Voilà, mes quatre raisons pour lesquelles la microfabrication est sur le point de prendre son envol. Pensez-vous que quelqu'un ici en Asie l'obtient? Absolument pas! Il m'a fallu deux ans pour monter ma propre usine de microfabrication. Il existe des milliers de fournisseurs de machines, mais très peu avaient quoi que ce soit d'utile à distance pour mon projet de mini-usine. J'ai dû combiner des choses de manière inattendue et inventer mon propre équipement là où aucun n'était facilement disponible. Deux ans plus tard, ma mini-usine est vivante et fonctionne bien, mais l'effort s'est avéré beaucoup plus important que prévu.
Un jour, j'étais dans l'ascenseur de notre immeuble de bureaux à Taipei. Le gars qui se tenait à côté de moi était un représentant d'un fabricant de pochoirs (les pochoirs en pâte à souder sont utilisés dans la production de cartes électroniques). Ce type vient de livrer de nouveaux pochoirs à mon bureau. Soudain il éclata de rire et dit : "Je viens de voir votre usine. Elle est troooooooooooooo minuscule ! Avant de venir ici je suis allé chez mon autre client, il a une chaîne de montage qui fait tout le bloc" ! Il ouvrit les bras aussi largement que le permettaient les murs de l'ascenseur et me regarda avec une curiosité débridée. Pour lui, j'étais un adulte jouant avec des jouets.

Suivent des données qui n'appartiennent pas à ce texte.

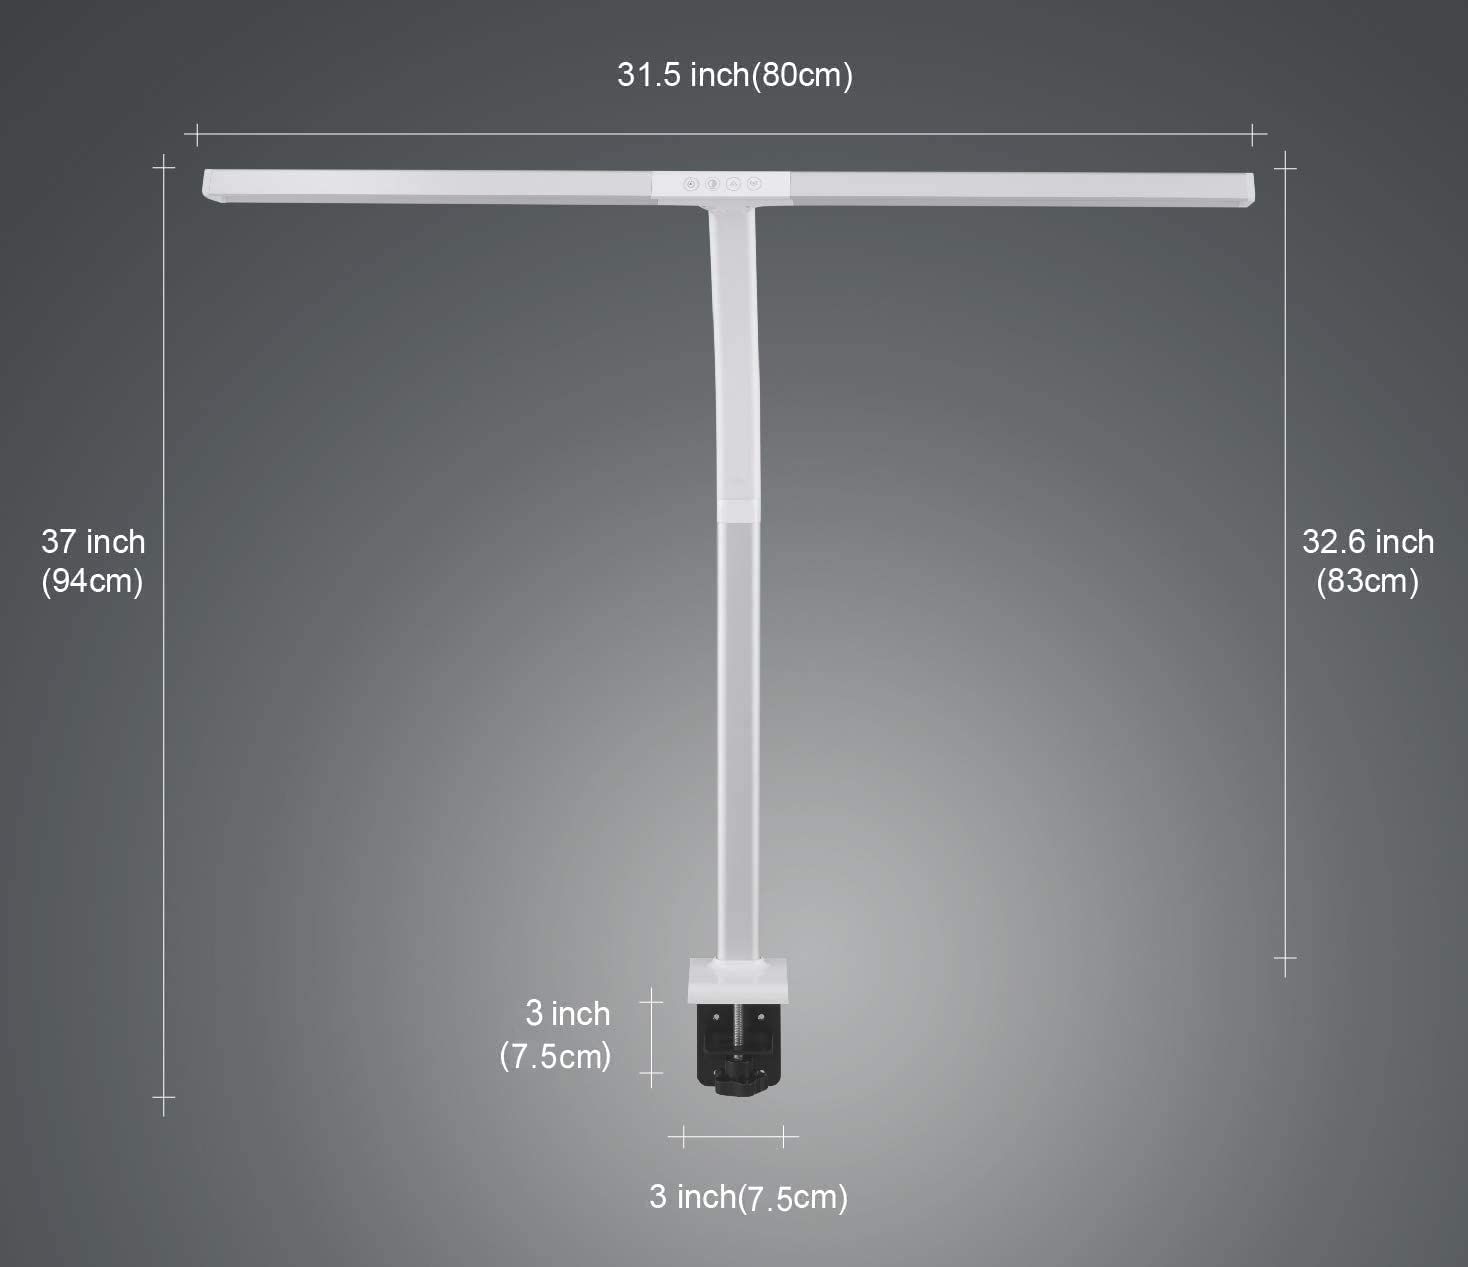 Phive LED Task Lamp dimensions

Eh bien, je me demande s'il rira encore dans, disons, 10-15 ans. D'ici là, les "tireurs de puces" SMT se réduiront à la taille d'une grande photocopieuse de bureau. Ils seront accompagnés d'un logiciel de gestion sophistiqué qui commandera automatiquement des pièces auprès de distributeurs mondiaux. Les fours et autres équipements nécessaires seront disponibles dans des facteurs de forme verticale pour économiser de l'espace au sol. Des robots abordables seront appelés pour insérer de gros composants, serrer des vis et faire tout ce que les machines SMT ne peuvent pas faire.
Oui, l'avenir de la microfabrication que j'imagine est encore loin, mais la révolution a déjà commencé. Les machines SMT compactes sont presque abordables maintenant, et nous ne sommes qu'au tout début d'un cycle puissant.
Ce cycle s'est répété d'innombrables fois auparavant. Une fois que vous avez acheté une voiture, vous étiez beaucoup moins susceptible de prendre un bus. Dès que vous avez eu une imprimante laser dans votre bureau, vous avez presque entièrement disparu en tant que client de l'imprimerie. Une fois que vous avez acheté votre équipement de microfabrication… je vous laisse terminer cette réflexion.